4 Assistive Scan-to-BIM

Scan-to-BIM turns sensor data into a BIM model, where we focus on wall structures. As a BIM assistant, the proposed system is integrated with a BIM software, in our case Autodesk Revit. The section explains 1) The pre-processing module, in which we enumerate wall segment candidates by modifying the current state-of-the-art floorplan reconstruction system [Chen et al.(b)Chen, Qian, and Furukawa] to handle building-scale scans; 2) The next wall prediction module, which is the core of our system; and 3) The assistive Scan-to-BIM system that integrates the two modules with Revit. We refer to Figure 2 for an overview of our system.

4.1 Candidate wall enumeration

Given a density image and existing walls, we use the state-of-the-art floorplan reconstruction system HEAT [Chen et al.(b)Chen, Qian, and Furukawa] with a few key modifications to enumerate wall candidates in four steps: corner enumeration, wall enumeration, wall thickness prediction, and duplicate removal.

Corner enumeration is done by a HEAT corner detection module that uses a Transformer network to estimate the corner likelihood at every pixel and apply non-maximum suppression (NMS). Since our density image is large, we divide the image into $256\times 256$ local windows with $64$ pixels overlap, compute the pixel-wise likelihood by the HEAT module, and merge results while keeping the maximum value at the overlaps. The same NMS filter applies.

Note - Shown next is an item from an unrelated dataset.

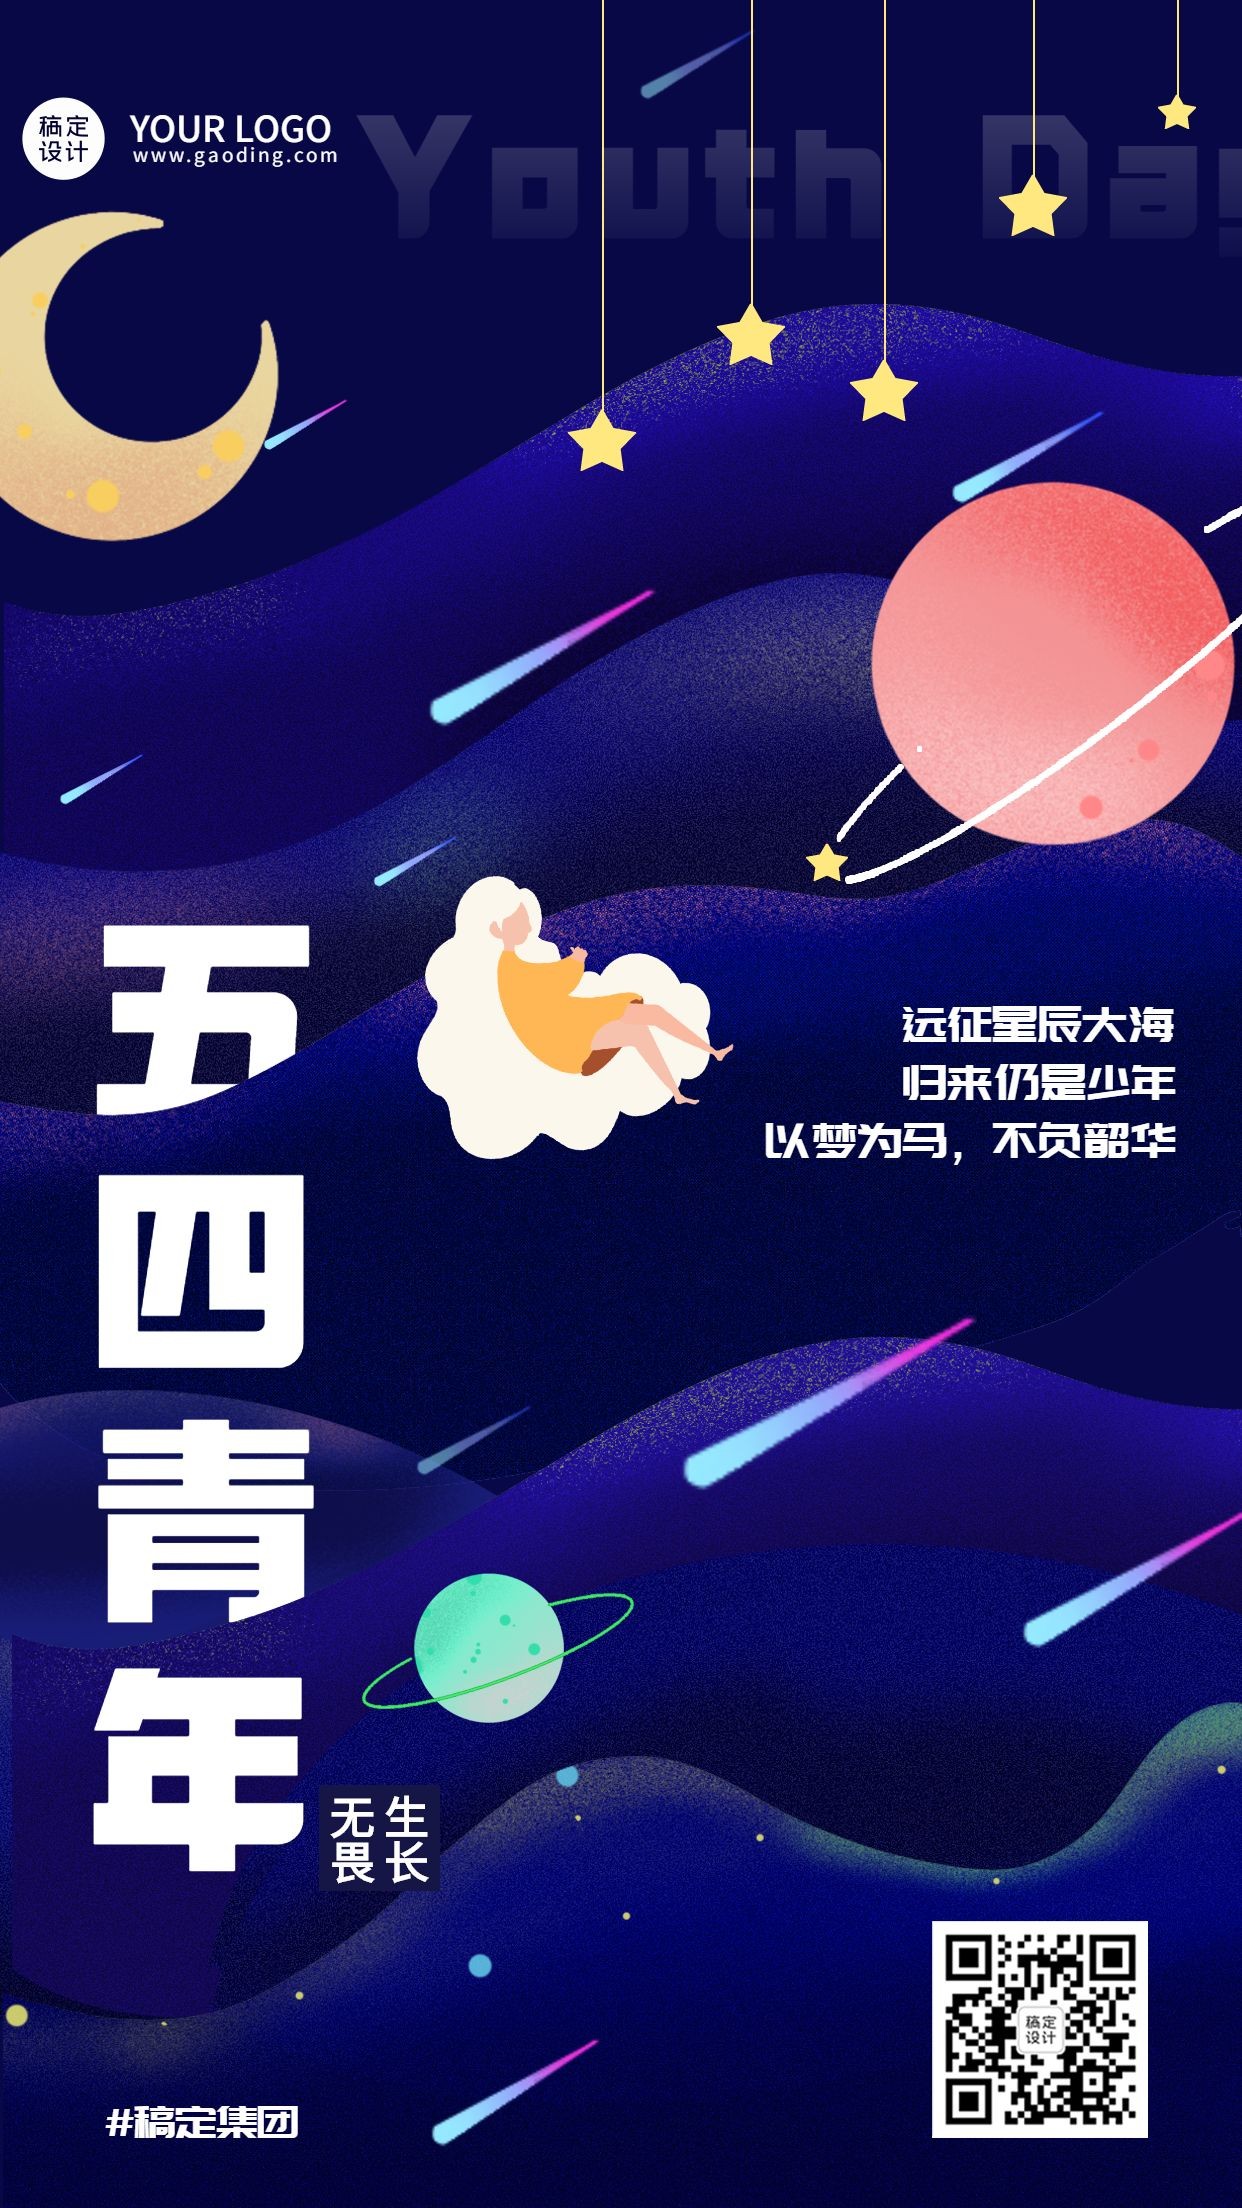 五四青年节企业祝福贺卡手机海报预览效果

Wall enumeration is done by a HEAT edge classification module, where we modify the deformable attention layer to pool image features along very long edges in our task. Concretely, instead of sampling image features from one reference point (typically the edge center), we sample from $N$ linear-interpolated reference points along an edge, and apply max-pooling. Lastly, Revit represents a T-junction as one long edge and one short edge. During training, we split the long edge into two at the junction point to obtain a proper planar graph structure.

Wall thickness prediction is obtained by an extra two-layer MLP which is added to the end of the image branch of the edge classifier above. The thickness can range from 1 inch to 84 inches with an increment of an inch. During training, we apply cross-entropy loss on all walls with known thickness while ignoring the rest.

Duplicate removal looks through the enumerated walls and retains only ones that do not exist yet. Given the coordinates of a pair of enumerated and existing walls, we compute the distances of their end-points. An enumerated wall is flagged as a duplicate and removed, if both corners are less than 10 pixels for at least one existing wall. We also perform the same filter between the enumerated walls themselves and remove duplicates.

4.2 Next wall prediction

Given an existing set of walls optionally with their edit history (i.e., the sequence in which they were added to the model) along with a set of wall candidates, we calculate a score for each candidate. The score estimates the likelihood of each candidate wall being the next addition to the model. The process runs auto-regressively to obtain future modeling sequences of arbitrary length. Please see the lower half of Figure 2 for a high-level overview.

A Transformer network is our architecture where an existing or a candidate wall is a node. The network contains six blocks of self-attention layers, and produces a 256-dimensional embedding vector for each node. The cosine similarity in the embedding space between the last existing wall to candidate walls determines the scores of the next one to be added (i.e., higher the more likely). We refer to the supplementary for the full architecture specifications.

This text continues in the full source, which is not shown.